The reflecting pool, centered with a stainless steel sculpture of a spider - also part of Cherokee mythology - will be lined with 8- by 16-in., 2.25-in. thick pavers set in mortar, said Will Saxby, project manager for ValleyCrest Landscape Development of Norcross, Ga., the installers of the landscaping, irrigation system and pavers.

Saxby said hexagonal 4-in. pavers are in the walkways and a children's amphitheater built under an arch of the existing Market Street Bridge.

The project also required that the contractor move 80,000 yds. of dirt, mostly from one end of the site to the other, where the terrace extends over the riverbank, Statham said.

Rick Hoosier, general superintendent for East Tennessee Grading of Chattanooga, said moving that much dirt in a relatively narrow site - sandwiched between the river and the parkway - involved "a lot of shuffling and a lot of cooperating" by the contractors.

His crews also formed sharp corners at a 3 to 1 slope in the terraced area using a small tractor followed by "a lot of hand work," Hoosier said. "You get it as close as you can with equipment, but have to finish it by hand."

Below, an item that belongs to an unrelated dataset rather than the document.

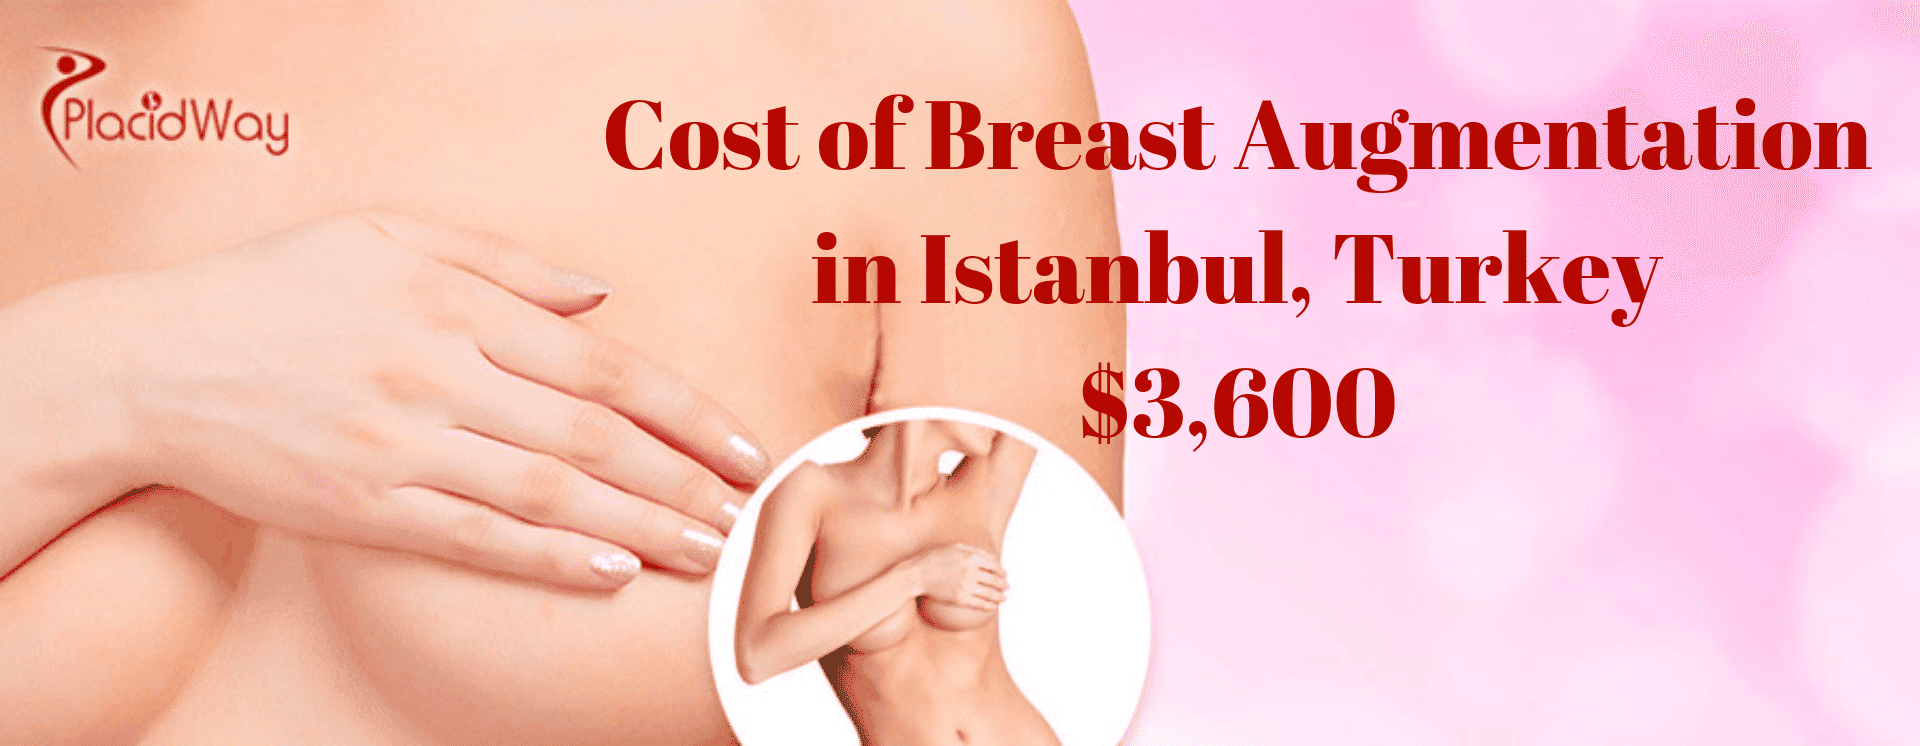 Cost of Breast Augmentation in Istanbul, Turkey

The sharp corners are a "signature" of Hargreaves Associates of Cambridge, Mass., the international waterfront design firm for the 21st Century project.

"They are renowned for the land forms and sculpted forms they create out of dirt and grass and the surfaces they use," said Dan Kral, project representative for RiverCity Co., the project development firm.

The dirt in the area - formerly industrial land - had to be tested for public use and amended to support more than 500 trees, 3,800 shrubs and 10,000 pieces of groundcover, Saxby said.

The riverbank is also getting 11,000 fascine bundles - live branches of trees that grow by suckering - that will serve as erosion control.

"In the river there will be seven water cannons with 150-hp pumps," Statham said. "The cannons will shoot water 60 ft. to 70 ft. in the air and 100 ft. out."

Because it is part of the Tennessee Valley Authority system, the river remains at a fairly consistent level, varying only a few feet with power generation outflow at Chickamauga Dam upstream, Statham said.